Providers
AgentKavach supports OpenAI, Anthropic, Google, and Mistral. The same guard.create() method works for every provider.
OpenAI #
Standard call
from agentkavach import AgentKavach, Budget
guard = AgentKavach(
provider="openai",
api_key="ak_prod_...",
llm_key="sk-...",
budget=Budget.daily(50),
)
response = guard.create(
model="gpt-4o",
messages=[{"role": "user", "content": "Hello!"}],
)Native namespace
response = guard.chat.completions.create(
model="gpt-4o",
messages=[{"role": "user", "content": "Hello!"}],
)The native namespace mirrors the OpenAI client. Use it when you want the familiar shape.
Streaming
stream = guard.create(
model="gpt-4o",
messages=[{"role": "user", "content": "Write a poem"}],
stream=True,
)
for chunk in stream:
print(chunk.choices[0].delta.content or "", end="")Anthropic #
Standard call
from agentkavach import AgentKavach, Budget
guard = AgentKavach(
provider="anthropic",
api_key="ak_prod_...",
llm_key="sk-ant-...",
budget=Budget.daily(50),
)
response = guard.create(
model="claude-sonnet-4-6",
messages=[{"role": "user", "content": "Summarize this report"}],
max_tokens=1024,
)Native namespace
response = guard.messages.create(
model="claude-sonnet-4-6",
messages=[{"role": "user", "content": "Summarize this report"}],
max_tokens=1024,
)⚠️ max_tokens is required
Anthropic requires max_tokens on every call. The provider rejects the request without it.
Streaming
Pass stream=True and iterate the result. Anthropic emits typed events; the SDK reads output tokens from the trailing message_delta so cost stays accurate, and records partial usage if you break out early.
stream = guard.create(
model="claude-sonnet-4-6",
messages=[{"role": "user", "content": "Explain HMAC."}],
max_tokens=1024,
stream=True,
)
for event in stream:
delta = getattr(event, "delta", None)
text = getattr(delta, "text", None) if delta is not None else None
if text:
print(text, end="", flush=True)Google #
Standard call
from agentkavach import AgentKavach, Budget
guard = AgentKavach(
provider="google",
api_key="ak_prod_...",
llm_key="AIza...",
budget=Budget.monthly(300),
)
response = guard.create(
model="gemini-2.5-flash",
contents="Generate a project outline",
)Native namespace
response = guard.generate_content(
model="gemini-2.5-flash",
contents="Generate a project outline",
)⚠️ contents, not messages
Google uses contents.
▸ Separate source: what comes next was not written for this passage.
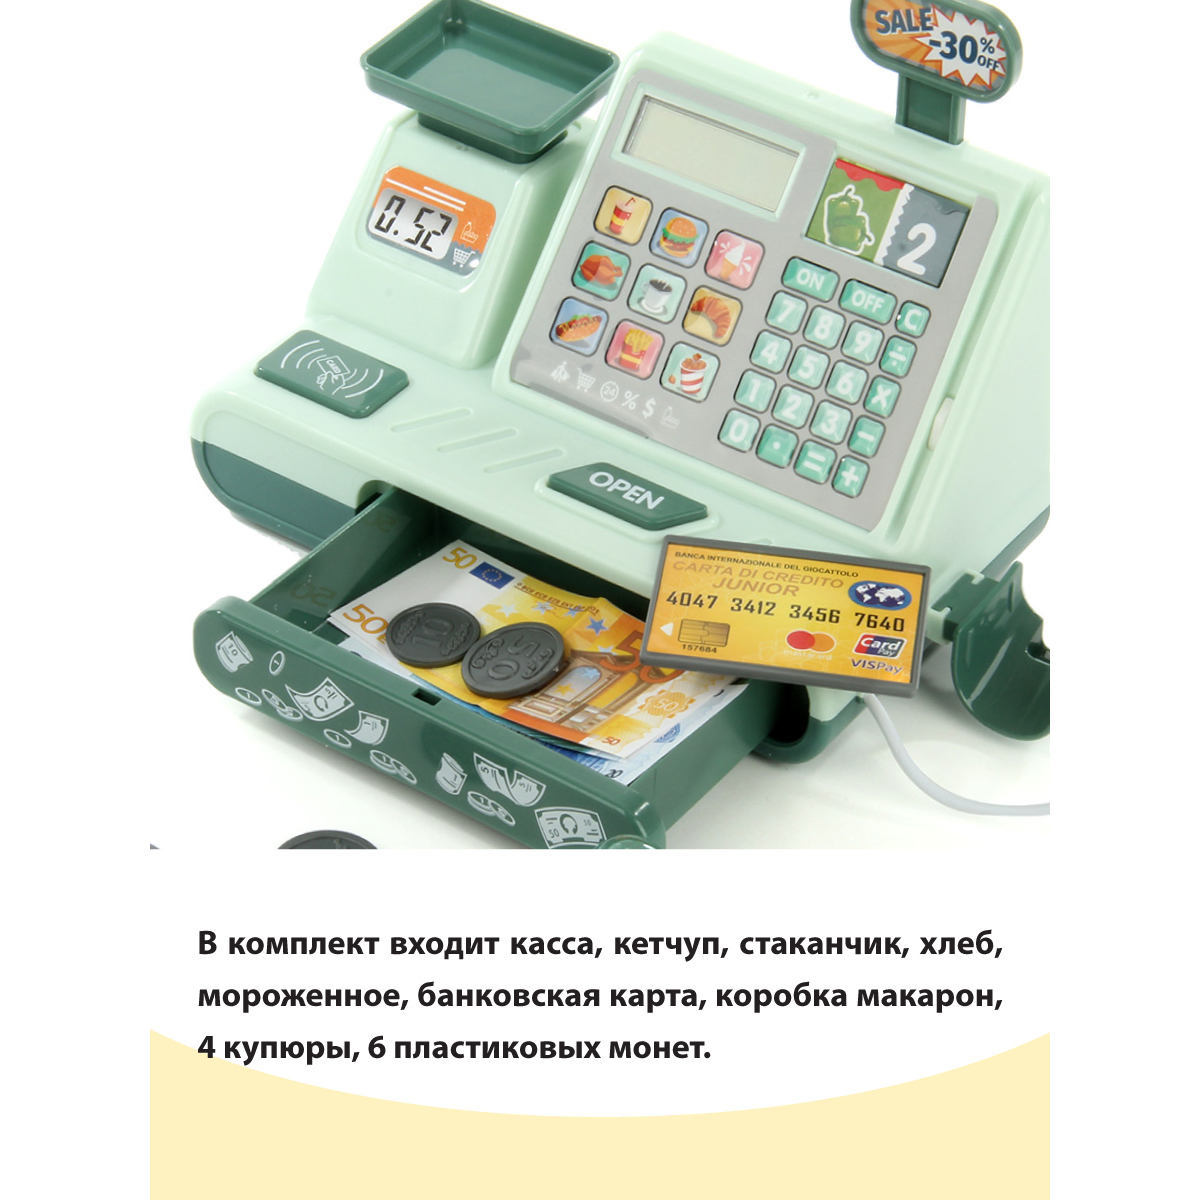 Касса детская Veld Co сканер калькулятор продукты деньги свет звуки - фото 4

Passing messages raises an error.
Streaming
Pass stream=True to get an iterator of chunks, each exposing .text for the incremental output. The final chunk carries the exact token counts the SDK uses for cost.
stream = guard.create(
model="gemini-2.5-flash",
contents="Write a haiku about TLS.",
stream=True,
)
for chunk in stream:
if chunk.text:
print(chunk.text, end="", flush=True)Mistral #
Standard call
from agentkavach import AgentKavach, Budget
guard = AgentKavach(
provider="mistral",
api_key="ak_prod_...",
llm_key="your-mistral-api-key",
budget=Budget.daily(50),
)
response = guard.create(
model="mistral-large-latest",
messages=[{"role": "user", "content": "Hello!"}],
)Native namespace
response = guard.chat.complete(
model="mistral-large-latest",
messages=[{"role": "user", "content": "Hello!"}],
)Mistral uses an OpenAI-compatible shape. The native namespace maps to client.chat.complete().
Streaming
stream = guard.create(
model="mistral-large-latest",
messages=[{"role": "user", "content": "Write a poem"}],
stream=True,
)
for chunk in stream:
print(chunk.choices[0].delta.content or "", end="")Token counting #
AgentKavach counts input tokens before each call so it can estimate cost. OpenAI and Mistral count locally with tiktoken, which is effectively free. Anthropic and Google count through a provider API call, which adds a network round trip.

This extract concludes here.